En la página de legales de las últimas ediciones de Dahl aparece el siguiente texto, con potencial para hacer sonrojar a cualquier tirano de distopía real o ficticia: “Las maravillosas palabras de Roald Dahl pueden transportarte a diferentes mundos y presentarte los más fantásticos personajes. Este libro fue escrito hace muchos años, y por tanto revisamos regularmente el lenguaje para asegurar que pueda seguir siendo disfrutado por todos hoy”.

El pasado ya no es, como quería L. P. Hartley, un país extranjero donde las cosas se hacen diferente: es una comarca atrasada y avergonzante que sólo se puede visitar con el salvoconducto de un riguroso proceso de desinfección y limpieza. El pasado no puede ser abordado en sus propios términos, sino que debe ser blanqueado a la cal.
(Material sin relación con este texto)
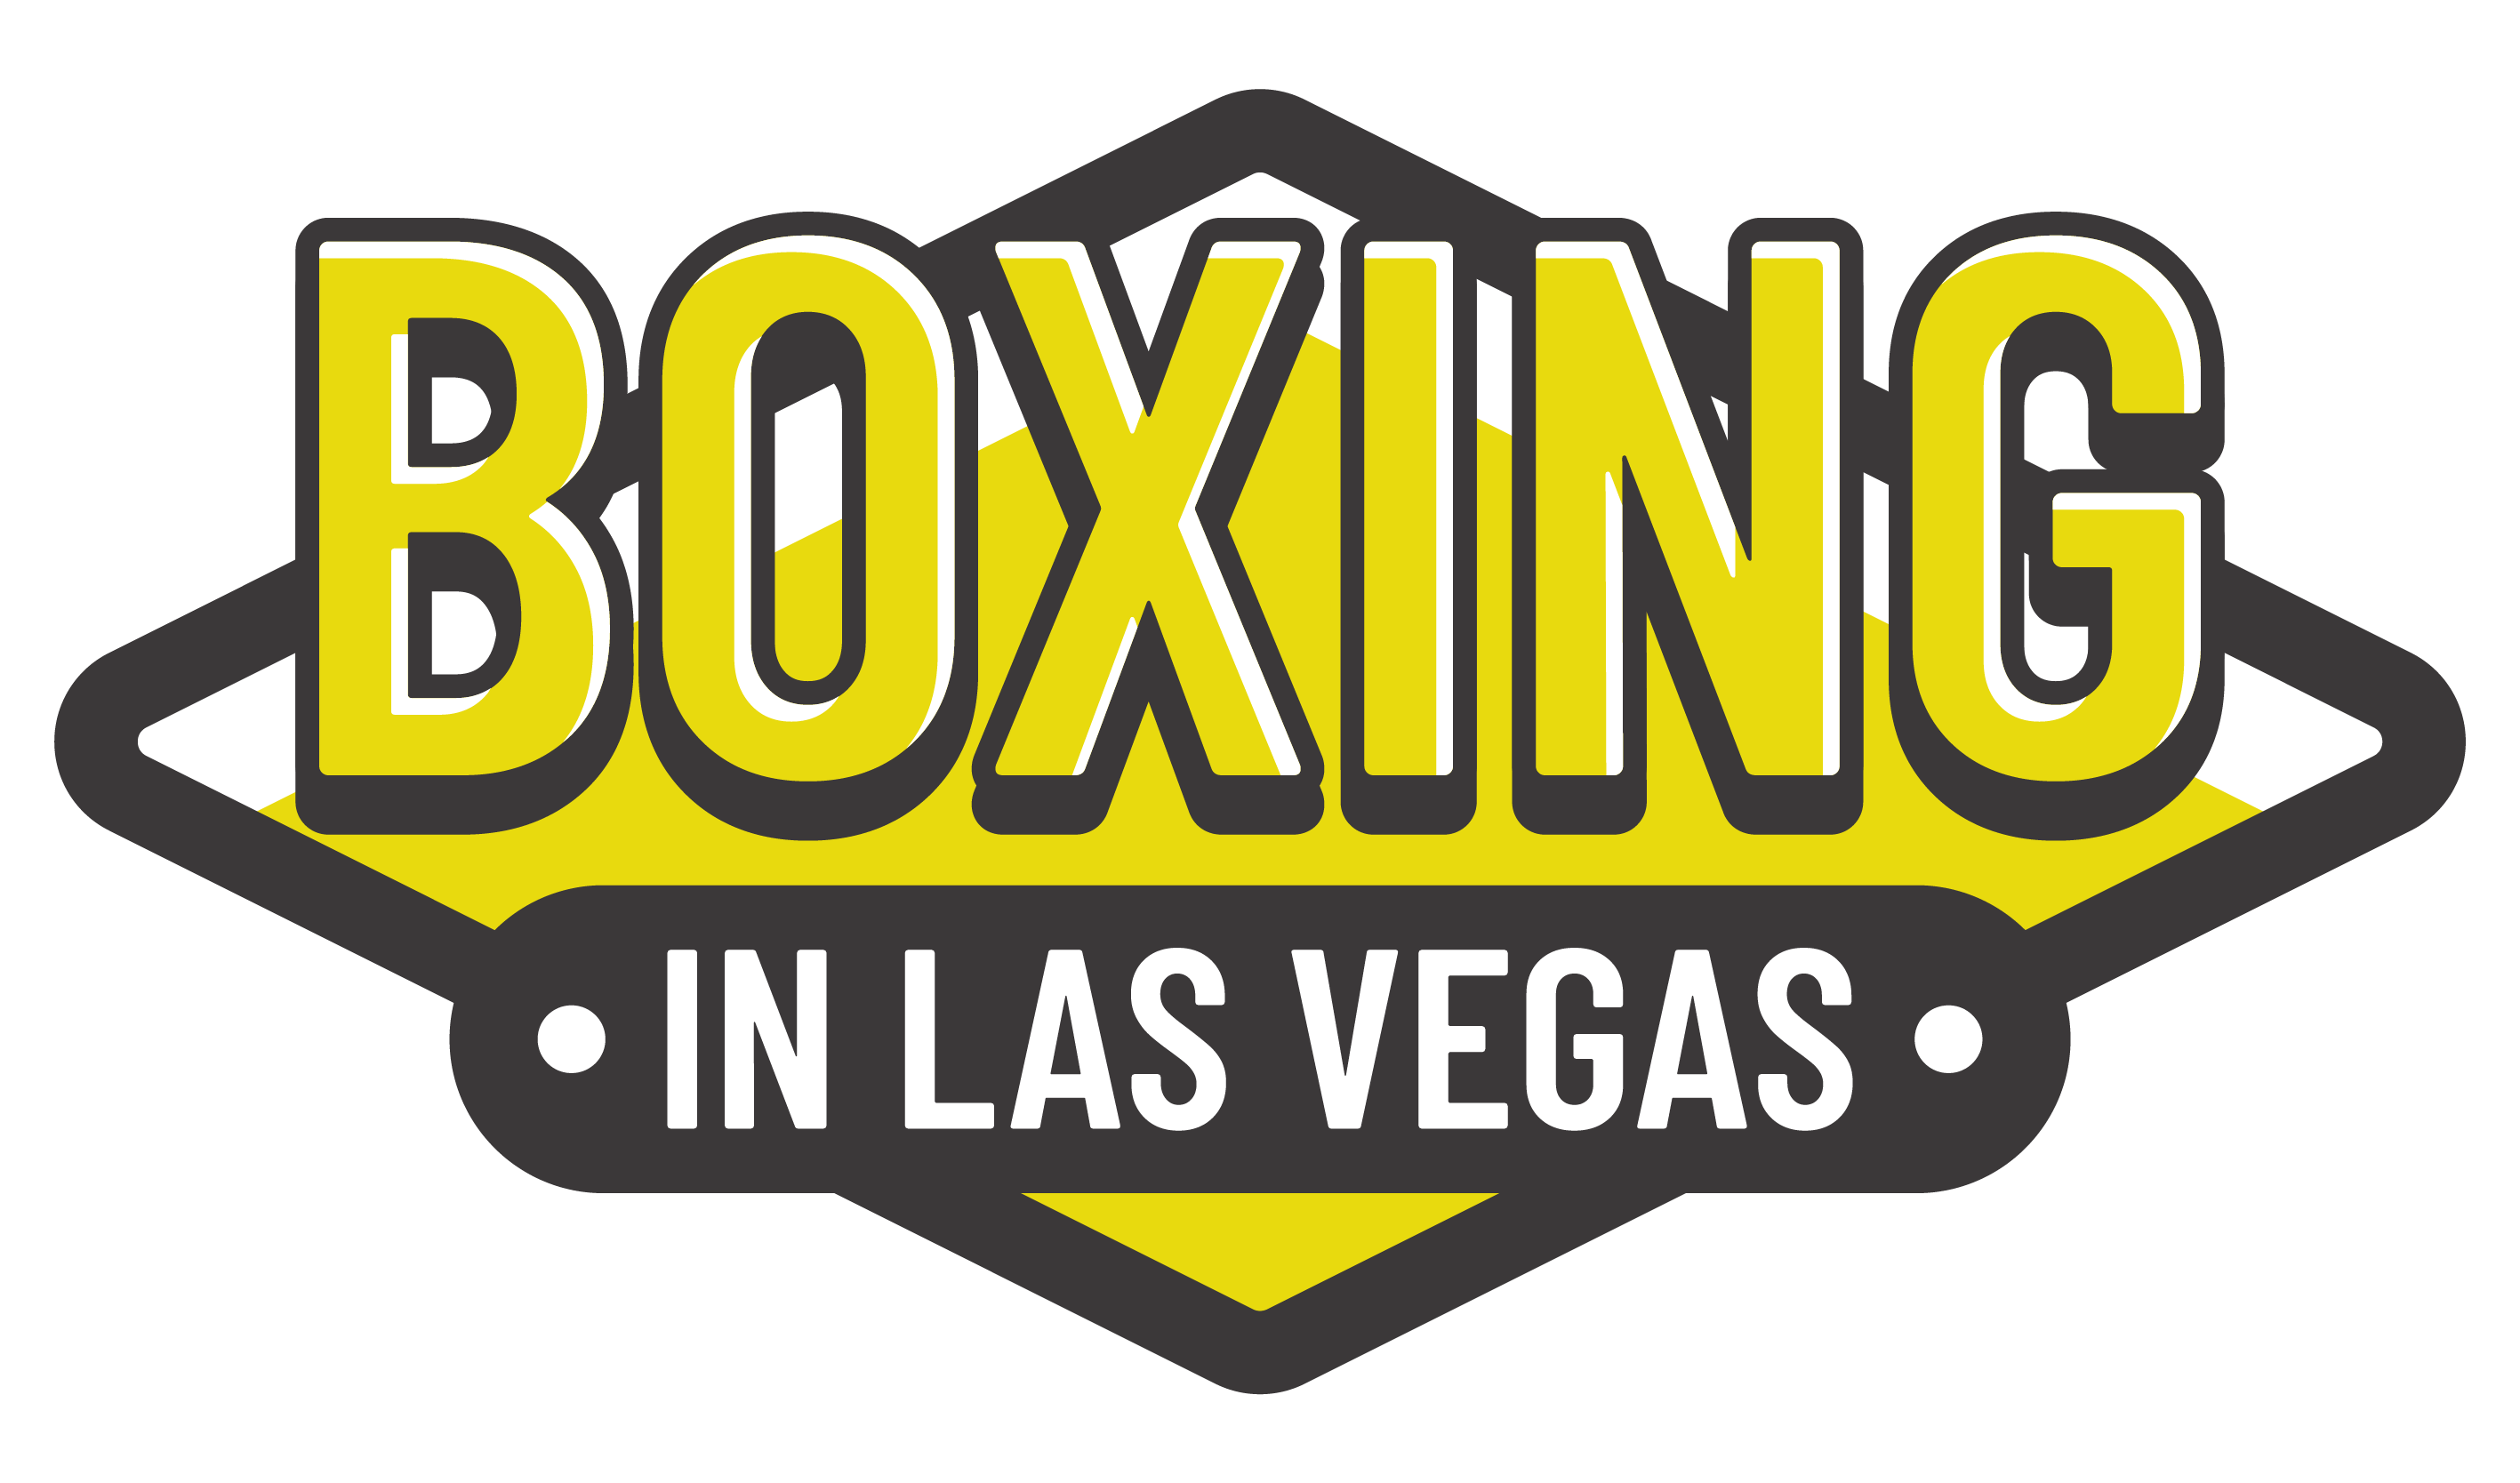 Las Vegas Fight Schedule All The Top Boxing & MMA in Las Vegas
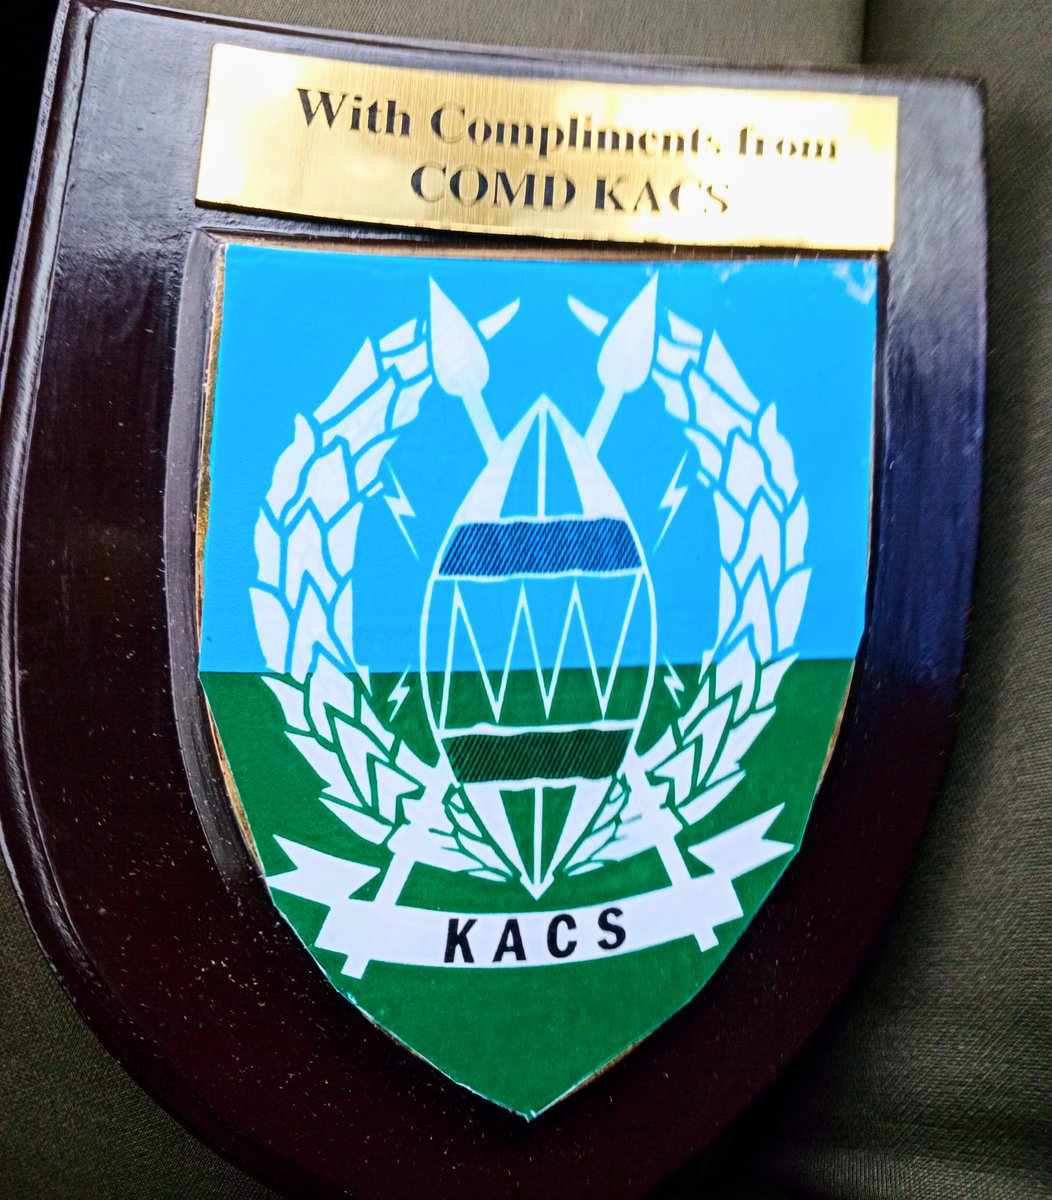 Today the Green up Kenya campaign tree growing and climate change sensitization exercise was held at Kinale Forest Station, Kiambu County. We received a mementos from the Comd KACS in recognition of our work with @kdfinfo Environmental Soldier Program

En la misma línea, la editorial Harper Collins anunció que las novelas de Agatha Christie han sido revisadas y expurgadas para eliminar términos potencialmente ofensivos. Referencias a la religión judía de un personaje o al “estilo gitano” de otro han sido obliteradas. También se ha recortado un pasaje donde un personaje exclama que le dan asco los ojos y las narices de los niños.

Mississippi en llamas.
La suerte que están corriendo Dahl y Christie ya le había tocado a Mark Twain y su dúo de muchachos aventureros, Tom Sawyer y Huckleberry Finn. Son libros icónicos que han forjado el amor por la literatura de varias generaciones de niños lectores, y cuya sostenida vigencia quizá se deba a que, como observaba Borges, “Huckleberry Finn no quiere otra cosa que copiar unos hombres y su destino”.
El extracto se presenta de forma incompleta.